DFT understandings of structural properties, mechanical stability and thermodynamic properties of BaCfO3 perovskite

Abstract

Electronic structure, mechanical stability, magnetic and thermal properties of BaCfO3 perovskite have been investigated by density functional theory calculations using full potential linearized augmented plane wave method. The structural optimizations reveal the agreement of lattice parameter with the experimental data. The electronic structure and magnetic properties were precisely determined by generalized gradient approximation (GGA), and Hubbard approximation (GGA + U) methods.
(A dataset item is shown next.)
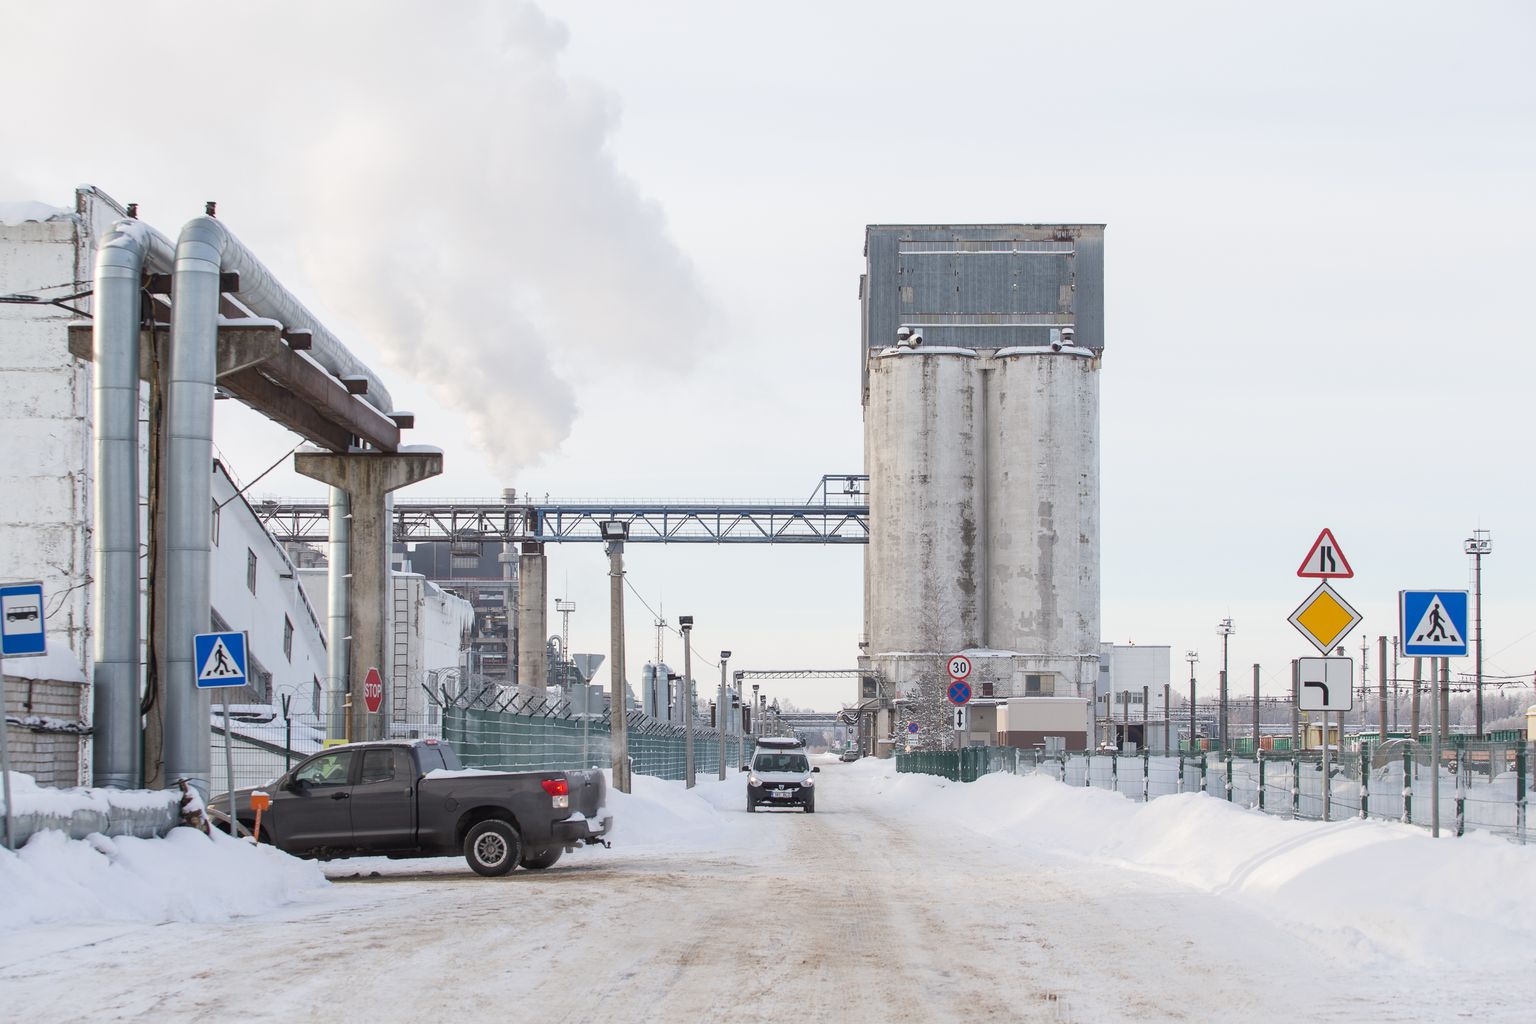 Kokku müüb Eesti Energia aastas 175 175 tonni põlevkivituhka ehitus- ja põllumajandussektorile. Tuhka hoiustatakse kaheksas silos.

The electronic structure portrays the half-metallic nature for the compound in both the applied approximations. The total magnetic moment calculated via the above methods was found to be large and integral in nature (6 μB), which also is an indication of the half-metallic character of this material. The mechanical stability has been determined by the calculated elastic constants in addition to the preclusion of mechanical properties like the Young modulus (Y), Bulk modulus (B), the Shear modulus (G) and the Poisson ratio (ν). The observed data of B/G and Cauchy pressure (C12–C44) for the present material reveal its ductile nature. The thermodynamic parameters including heat capacity, thermal expansion, and Debye temperature and their variation w.r.t temperature and pressure (0 K to 500 K and 0 GPa to 40 GPa) has been examined. The melting temperature of 1791.94 ± 300 K for this material was also calculated.